Beides ist der Fall. Sie existieren, und sie sind unangebracht. Ihr Überleben verdanken sie der Nostalgie, der persönlichen Integrität einzelner gekrönter Häupter und der Tradition, die sie symbolisieren. Und vor allem: ihrer schieren Machtlosigkeit. Von ihrer Existenz geht keine Gefahr für die Demokratie mehr aus, sie zu bekämpfen ist schlicht nicht nötig.

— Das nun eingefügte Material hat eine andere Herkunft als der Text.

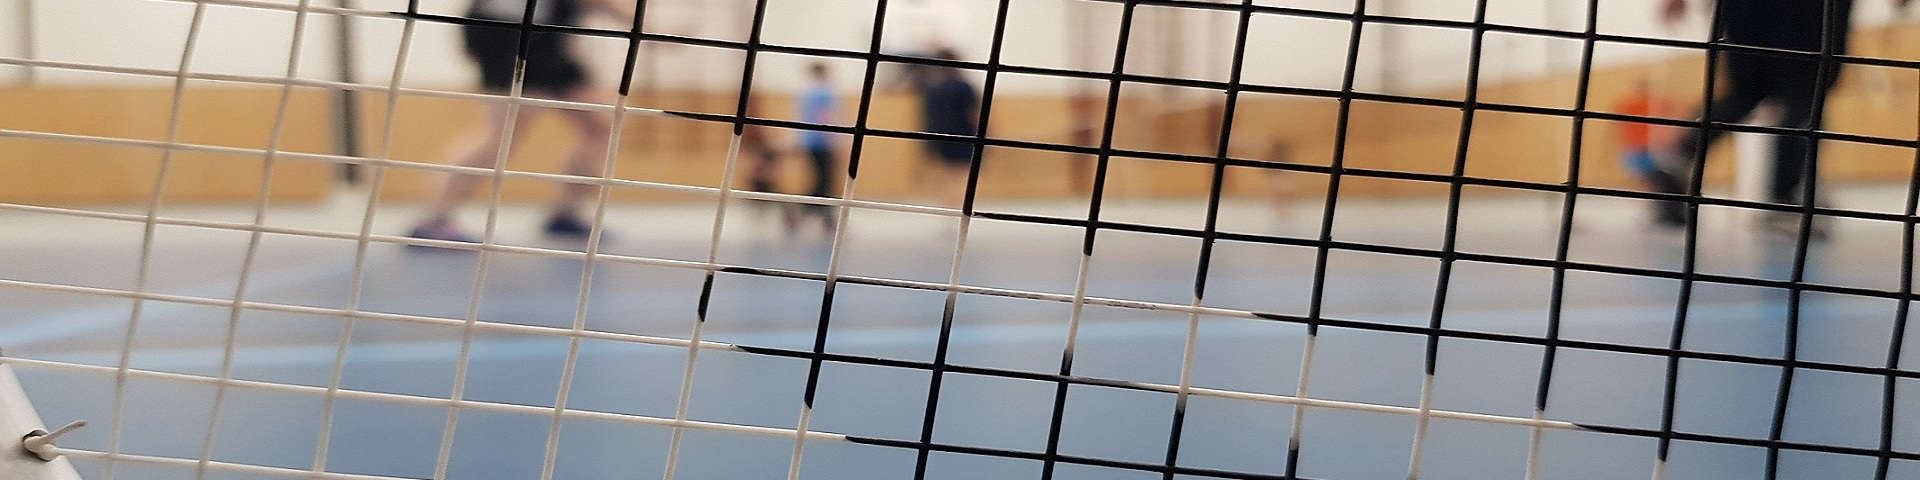 Saisonabschlussbericht Badminton 2019/2020

Die freie Gesellschaft hält sie sich sozusagen als Museumsstück und vergisst oder ignoriert den Symbolgehalt der Zeremonien einfach.

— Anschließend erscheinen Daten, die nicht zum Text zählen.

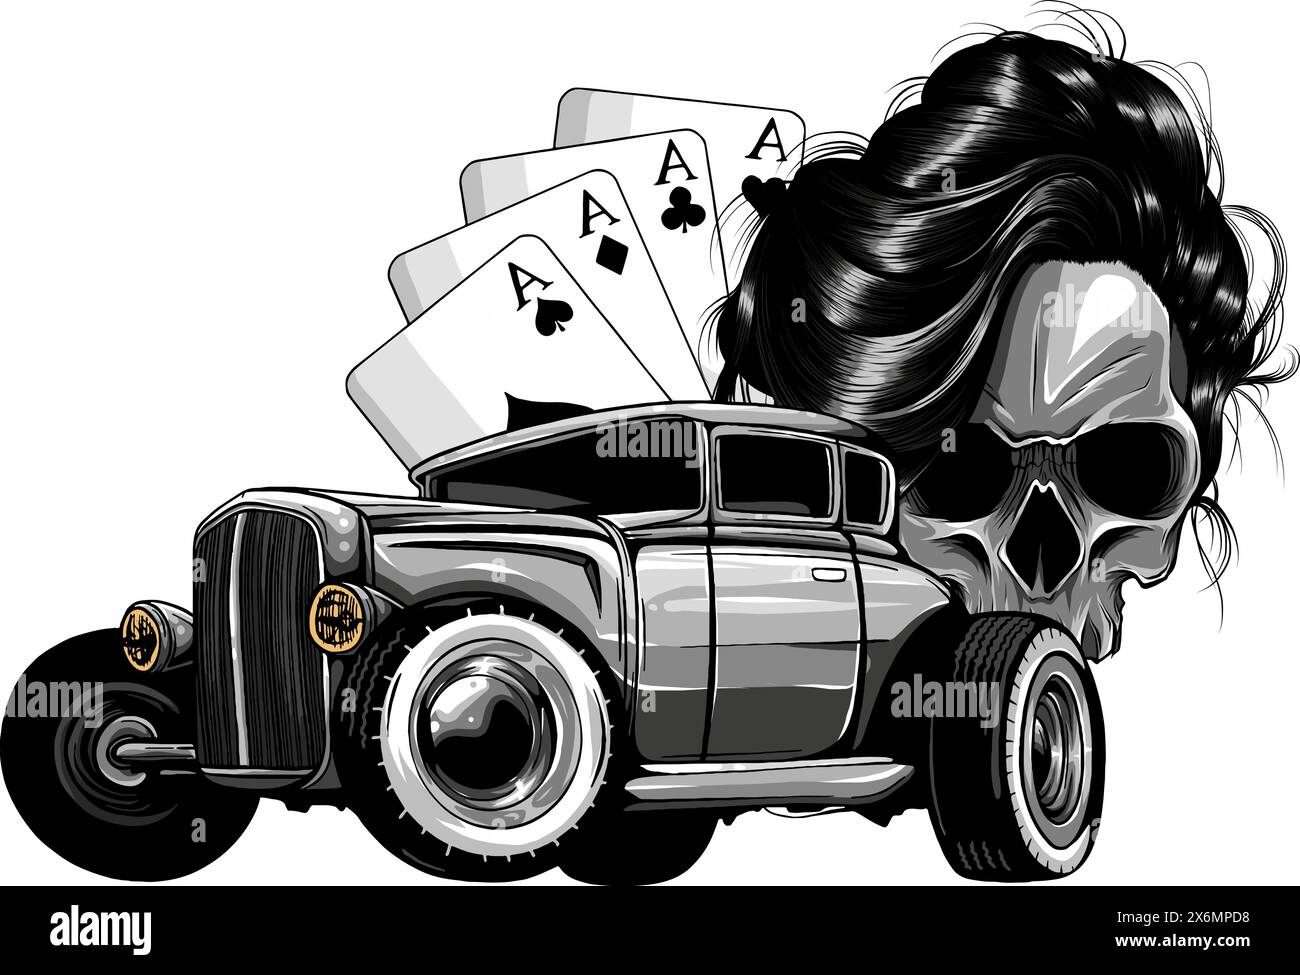 Illustration vectorielle du crâne monochrome avec tige chaude et as de poker sur fond blanc Illustration de Vecteur

Was sind heutige Herrschaftszeichen?
Herrschaftszeichen sind ein Code, der Machtansprüche sichtbar macht und von den Zeitgenossen entsprechend verstanden wird. Somit sind sie überzeitlich und im jeweiligen Zeitkontext wandelbar. Sie sind quasi eine politische Sprache. Dazu gehören monumentale öffentliche Bauwerke, Militärparaden oder die Inszenierung von Politiker*innen in sozialen Medien als Landesmütter und -väter oder tatkräftige Macher*innen: Der oberkörperfreie Putin, der in der russischen Weite zur Jagd reitet, Donald Trump mit seiner zu lang gebundenen roten Krawatte, die schnell als wenig subtiles phallisches Symbol verstanden wurde, die jährliche Moskauer Siegesparade, die sich von der sowjetischen Inszenierung nur dadurch unterscheidet, dass sie nun unter einer riesigen Christusikone mit Bekreuzigung des Kommandeurs beginnt. Das Skript wurde also dem Zeitgeschmack angepasst, die Requisiten aktualisiert, aber das Stück bleibt dasselbe.
ZUM STÜCK
Der eitle Kaiser hat alles, was man so braucht zum Leben, und noch viel mehr. Das Volk hat nichts und davon noch weniger. Misswirtschaft der Minister, Verschwendung von Ressourcen und ein undemokratisches politisches System schaffen Not und Missstände. Aber Hans und Marie haben einen genialen Einfall: Am Ende wird der Kaiser nach Strich und Faden hinters Licht geführt. Ein Märchen über die Angst, nicht genug zu sein und zu haben. Aber auch darüber, wie viel der/die Einzelne mit Mut und Humor erreichen kann.
Christian Lannert
hat unter anderem Geschichte und Germanistik an den Universitäten Heidelberg und Catania studiert und ist wissenschaftlicher Mitarbeiter an der Technischen Universität Darmstadt.